Unsupervised Learning - Course Notes

2025-12-04Max

#machine learning #unsupervised learning #PCA #K-means

Overview#

Unsupervised learning is subjective.

Unsupervised learning is useful during Exploratory Data Analysis.

requirements: linear algebra

Two Main Tasks#

1. Dimensionality Reduction#

Requires centered data
Dimension m needs to be determined
Example: Principal Component Analysis (PCA)

2. Clustering#

Ill-posed problem
Euclidean distance performs poorly in high dimensions
Cluster number k needs to be determined
Example: K-means clustering

Principal Component Analysis (PCA)#

Key Terms#

Principal Components (PCs):

First PC, Second PC, ...
PC is a linear combination of loading vectors and data

Loading Vectors:

The loadings are normalized
Loading vectors are the slopes
Indicate how much the current feature contributes to the PC

Singular Value Decomposition (SVD):

Formula: X = USV^T
U: Left singular vectors (orthogonal matrix)
V: Right singular vectors (orthogonal matrix)
S: Diagonal matrix (singular values)

Choosing Dimensions#

You can choose the dimension you want to reduce to by selecting the number m in diagonal matrix S.

Information loss can be measured by matrix S:

Total variance vs.
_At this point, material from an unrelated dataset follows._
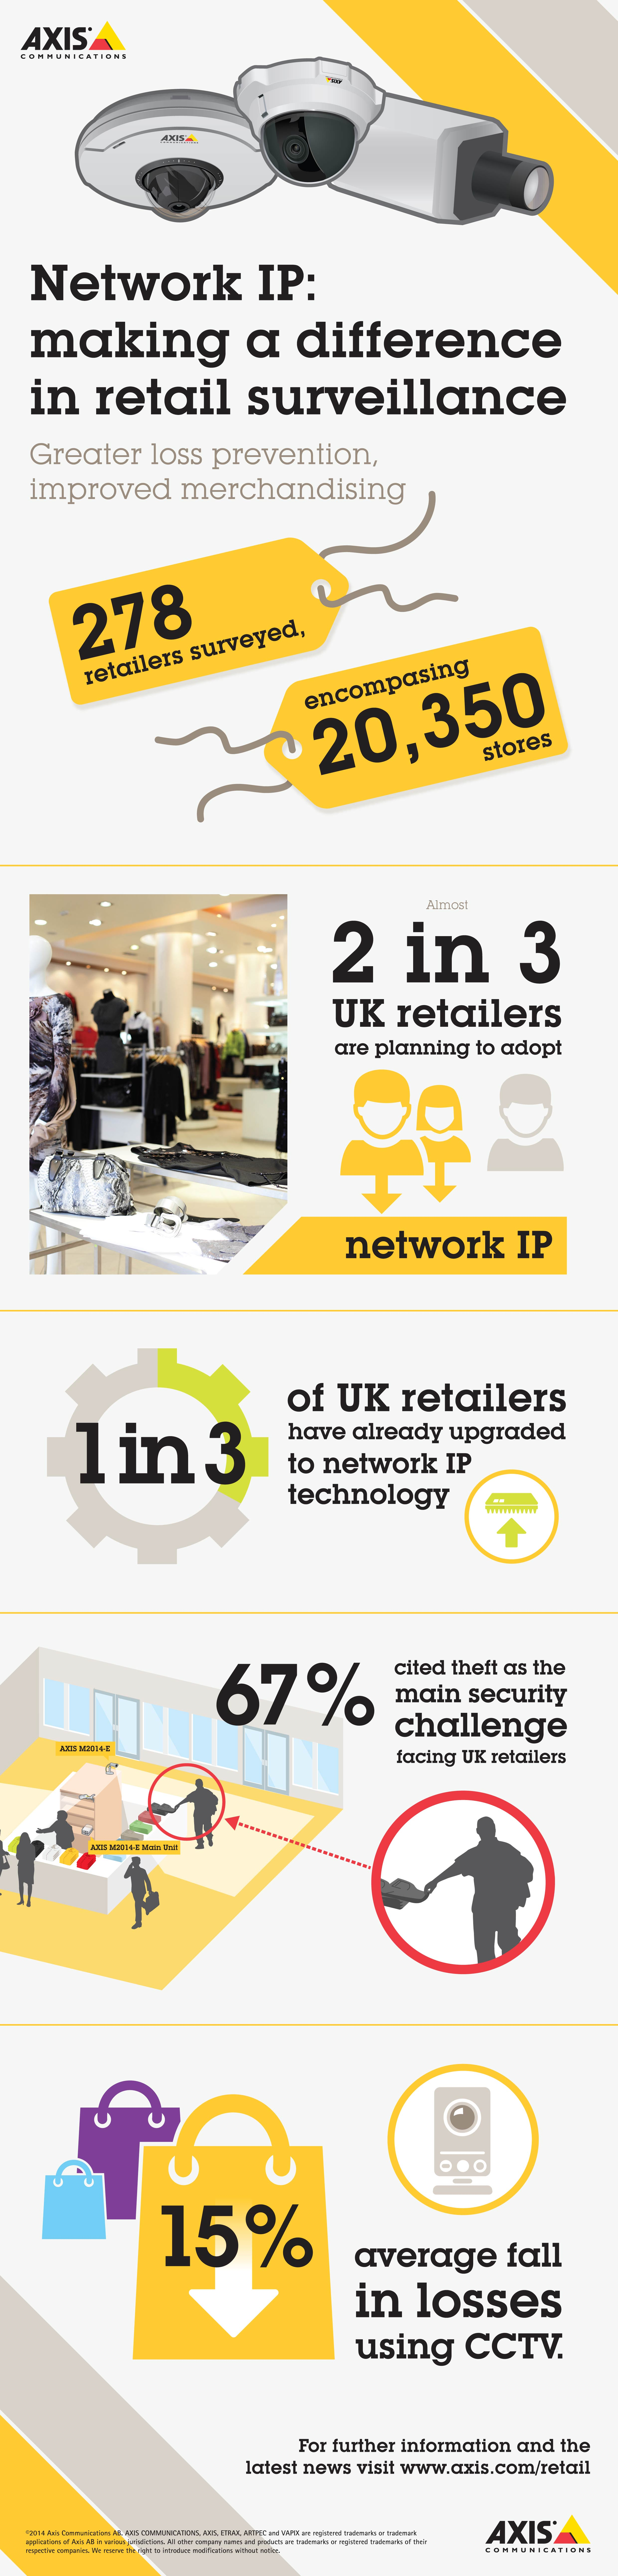 axis_retail_infographic-1_v3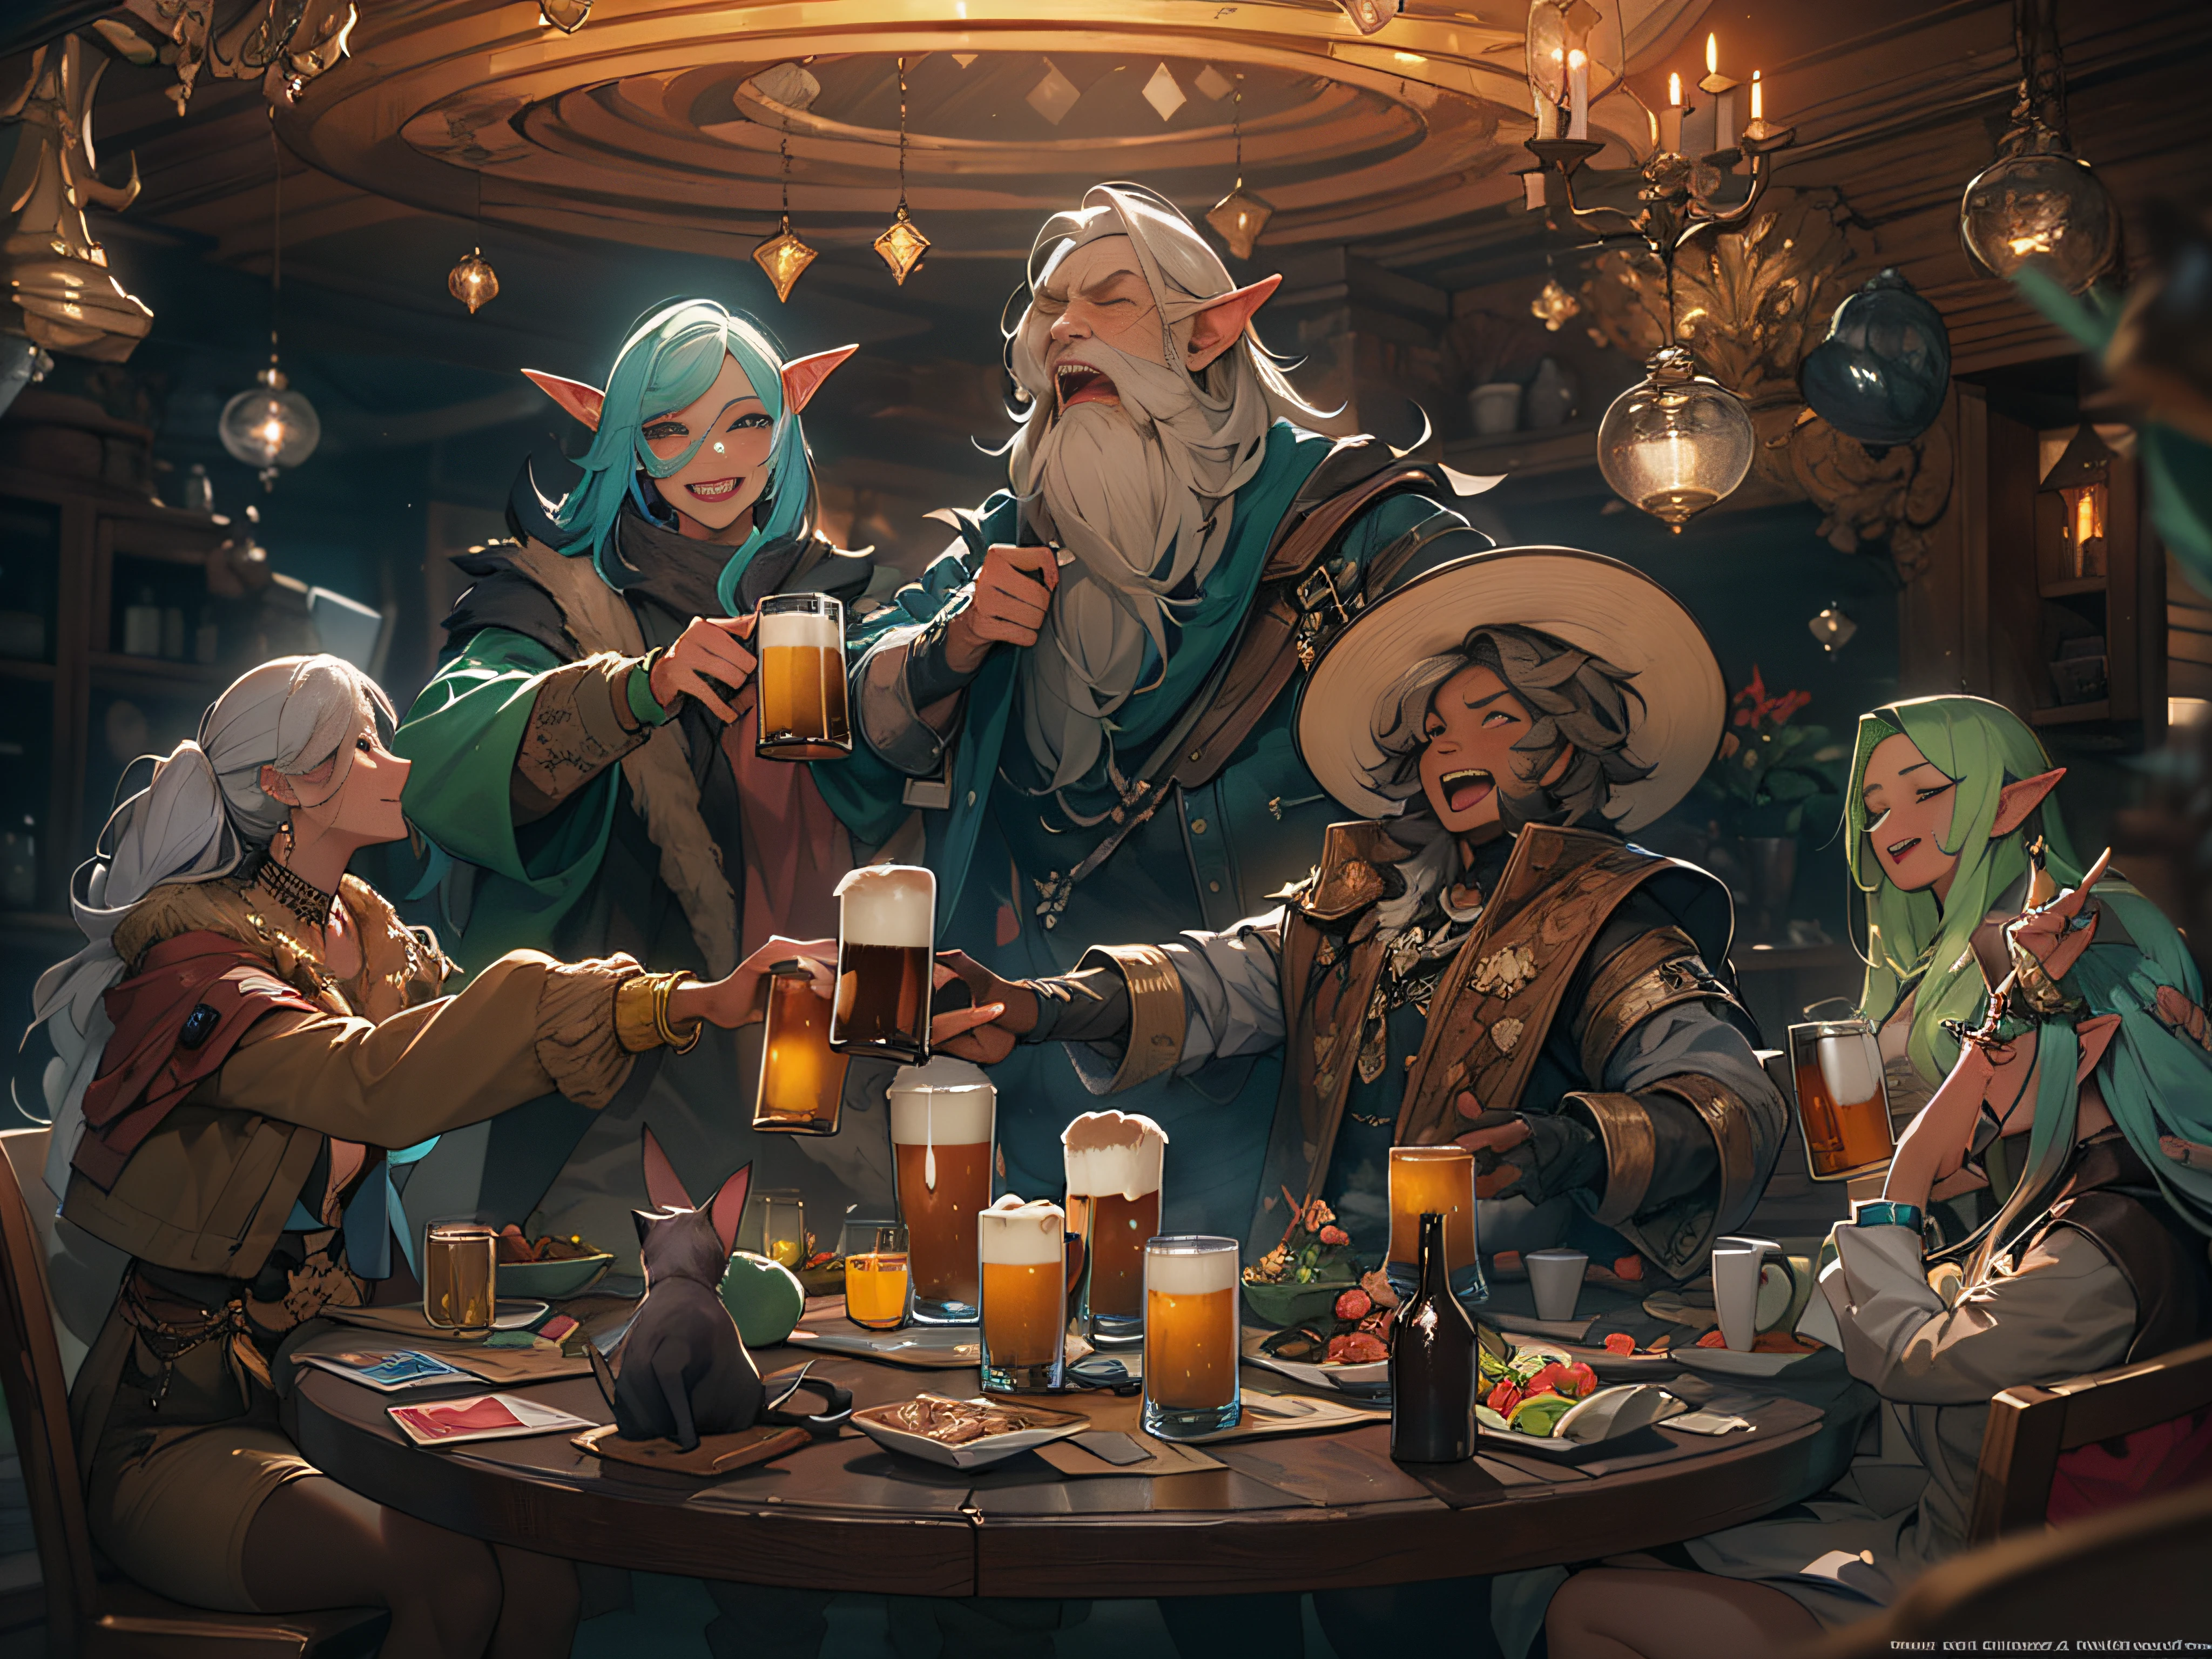 Masterpiece, top quality, otherworldly , ((5 people of 5 different races sitting around a round table)), they are happy and smiling, beer on the table, (((5 people toast with beer mugs)))+++, ((5 people hold beer))++, break 5 people are mixed gender, blonde elf, short muscled dwarf, cowboy, dark haired cat girl and old wizard BREAK fantasy, otherworldly fantasy, deep fantasy, all smiling , happy atmosphere, break, detail, realistic, 4k highly detailed digital art, octane rendering, bioluminescence, break 8K resolution concept art, realism, mappa studio, official art, illustration, ligne clair, (cool_color), perfect composition, absurdity, fantasy, focus, rule of thirds

Retained variance

K-means Clustering#

Algorithm Approach#

K-means uses an iterative algorithm instead of directly optimizing the mathematical target function (which is NP-hard).

Determining K#

K-means can use heuristic approaches to find a good cluster number K.

Key Takeaways#

Unsupervised learning is subjective and exploratory
PCA: Reduces dimensions while preserving variance
K-means: Iterative clustering with predetermined K
Both methods require parameter tuning (m for PCA, k for K-means)